Summary and Key Points

  • The visual C=cliff was created by Eleanor J. Gibson and Richard D. Walk.
  • The use of the visual cliff by Gibson & Walk was to investigate the hypothesis that depth perception is an innate rather learned behavior.
  • The visual cliff apparatus uses a clear plexiglass base that is divided into shallow and cliff regions using patterned paper.

References

Arendash GW, Mori T, Dorsey M, Gonzalez R, Tajiri N, Borlongan C (2012). Electromagnetic treatment to old Alzheimer’s mice reverses β-amyloid deposition, modifies cerebral blood flow, and provides selected cognitive benefit. PLoS One. 7(4): e35751. doi: 10.1371/journal.pone.0035751.

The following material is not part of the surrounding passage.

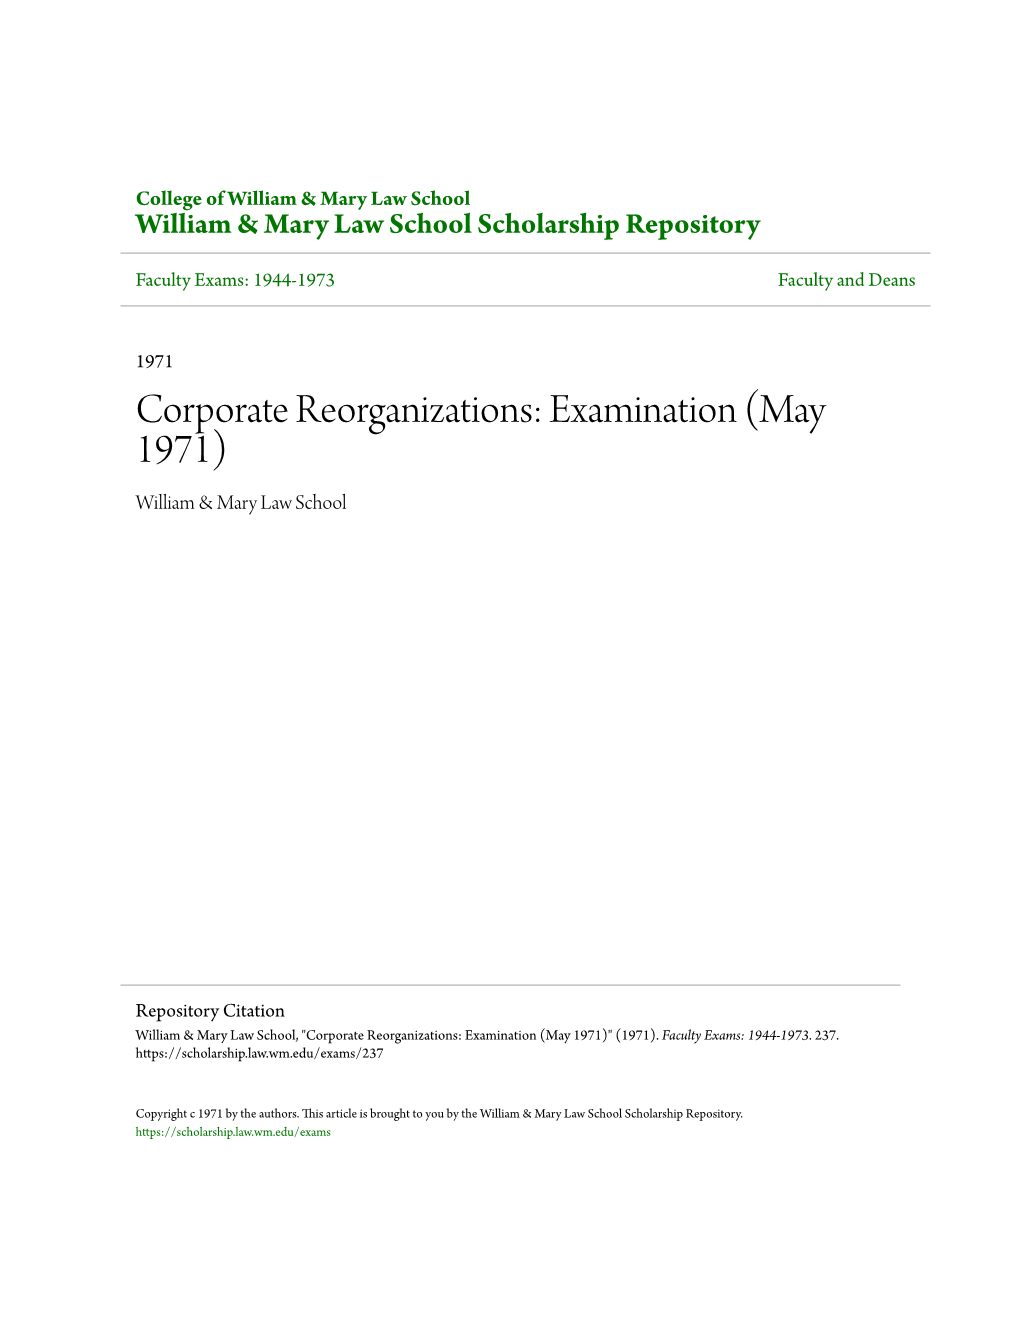 Corporate Reorganizations: Examination (May 1971) William & Mary Law School

Fox MW (1965). The visual cliff test for the study of visual depth perception in the mouse. Anim Behav. 13(2):232-3.

Gibson, E.J. & Walk, R.D. (1960). The “Visual Cliff”. Scientific American. 202 (4):64. doi:10.1038/scientificamerican0460-64

Lim JH, Stafford BK, Nguyen PL, Lien BV, Wang C, Zukor K4, He Z, Huberman AD (2016). Neural activity promotes long-distance, target-specific regeneration of adult retinal axons. Nat Neurosci. 19(8):1073-84. doi: 10.1038/nn.4340.

Logan RW, Robledo RF, Recla JM, Philip VM, Bubier JA, Jay JJ, Harwood C, Wilcox T, Gatti DM, Bult CJ, Churchill GA, Chesler EJ (2013). High-precision genetic mapping of behavioral traits in the diversity outbred mouse population. Genes Brain Behav. 12(4):424-37. doi: 10.1111/gbb.12029.